▶ [WORK INSTRUCTIONS] Send back the line that contains "Data Mining Subject Code" and all lines following it through the end of the data below, exactly, omitting pictures.

(PROVIDED DATA Opens)

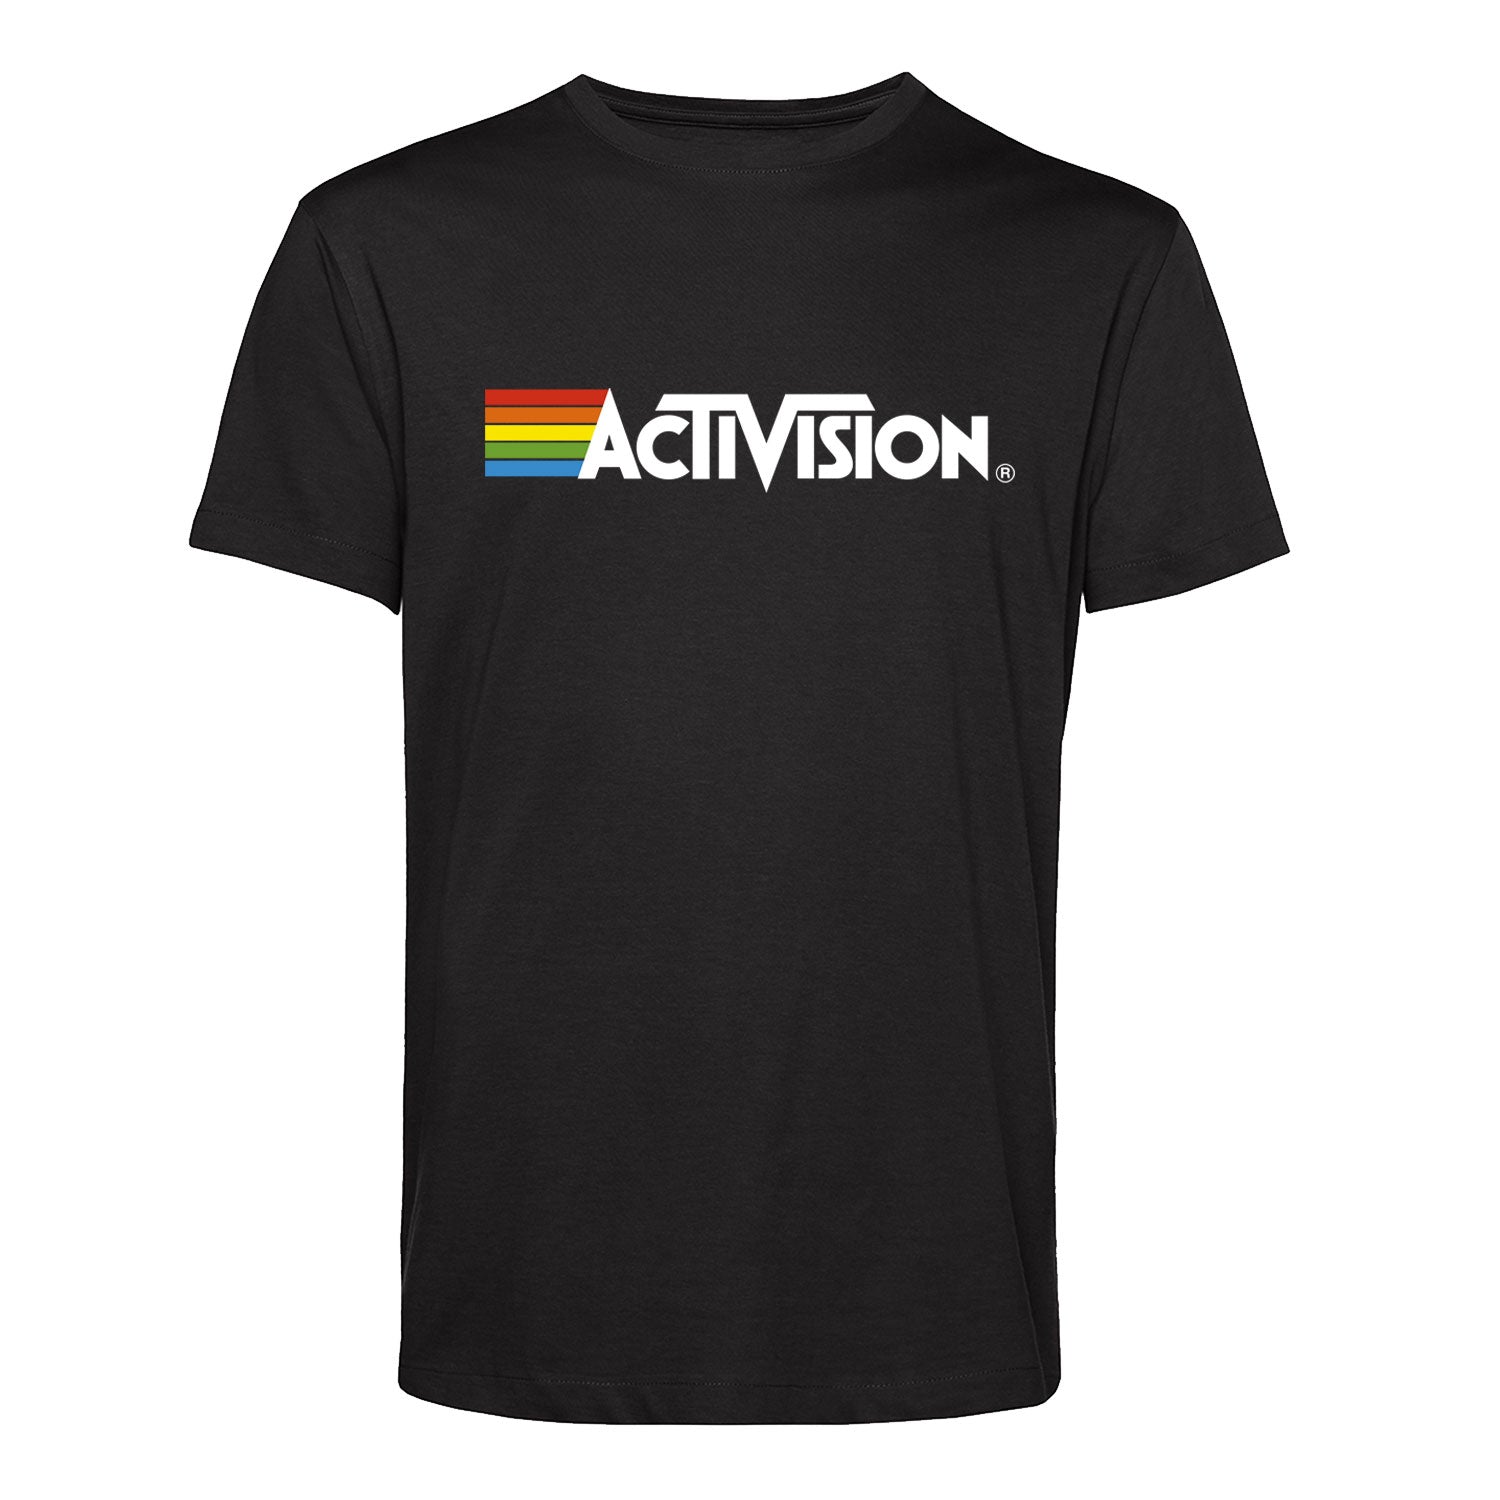 Activision Men's T-Shirt, Black Unisex Style
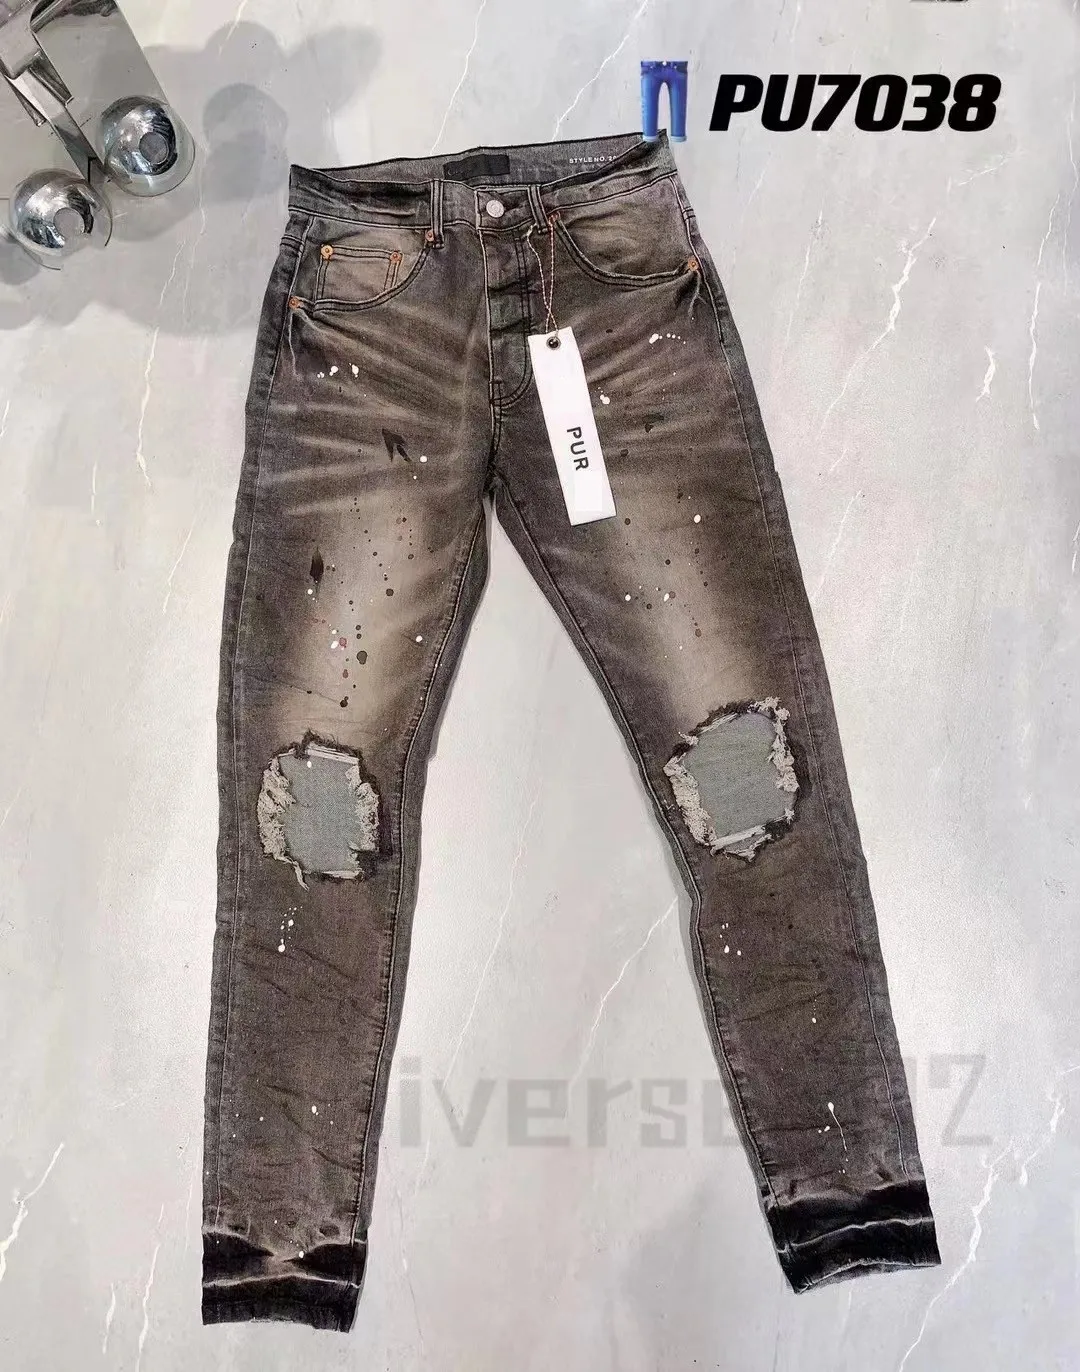 Nouveau haute qualité hommes violet jeans designer jeans mode en détresse déchiré denim cargo pour hommes haute rue mode bleu jeans femmes hommes rock revival JeansFXOR
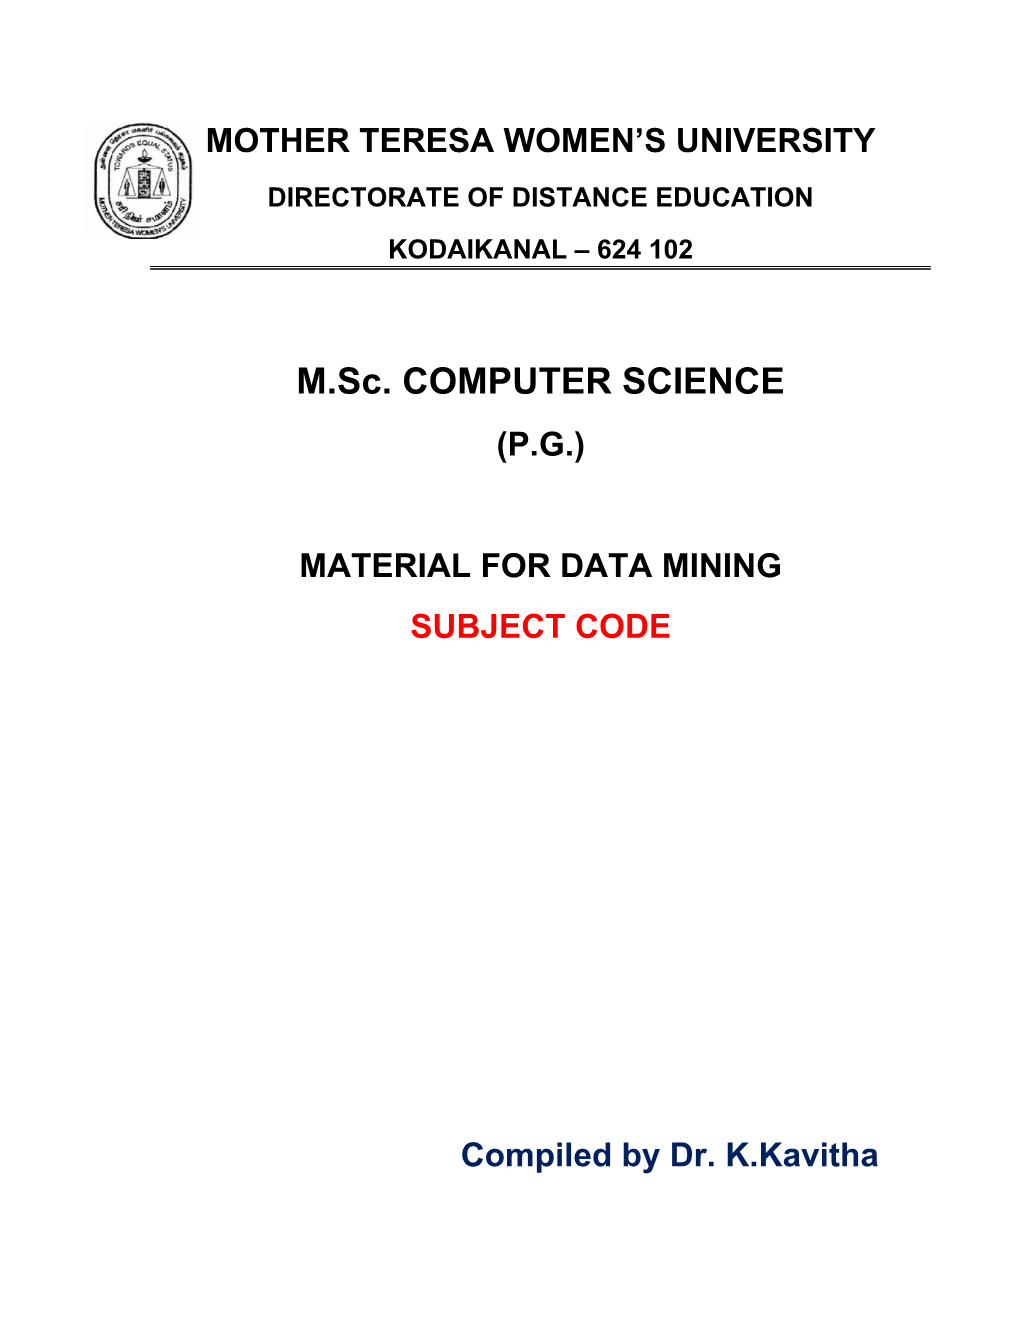 Data Mining Subject Code
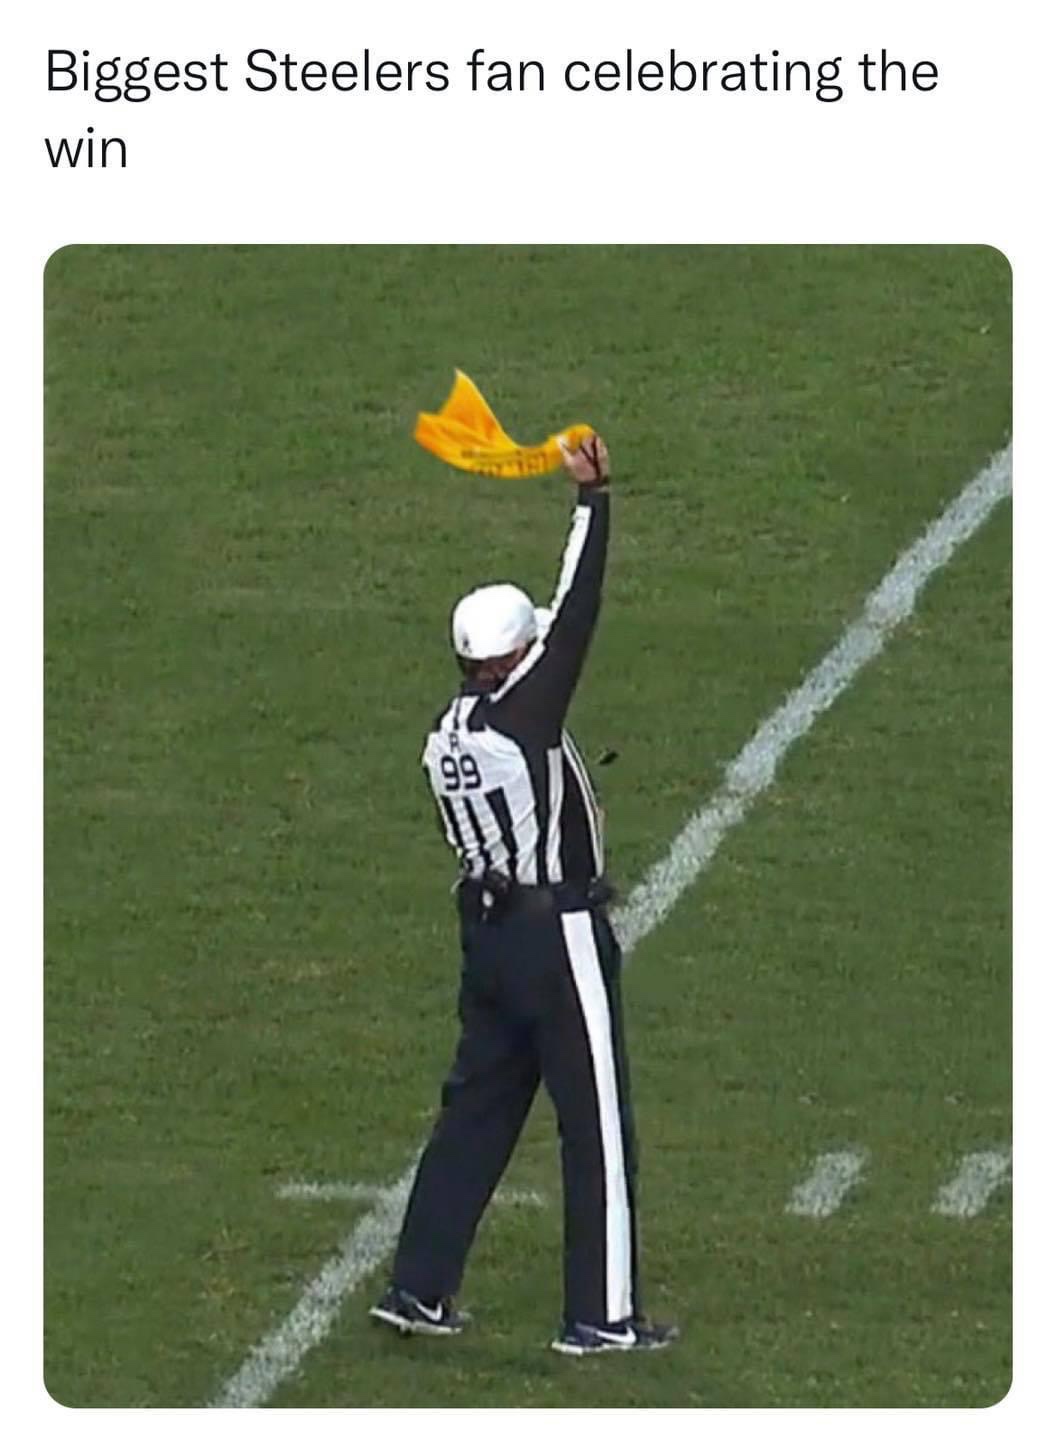 Biggest Steelers fan celebrating the win meme

(PROVIDED DATA Closes)

▶ [OUTPUT FOR THIS EXERCISE]
 Data Mining Subject Code
 Biggest Steelers fan celebrating the win meme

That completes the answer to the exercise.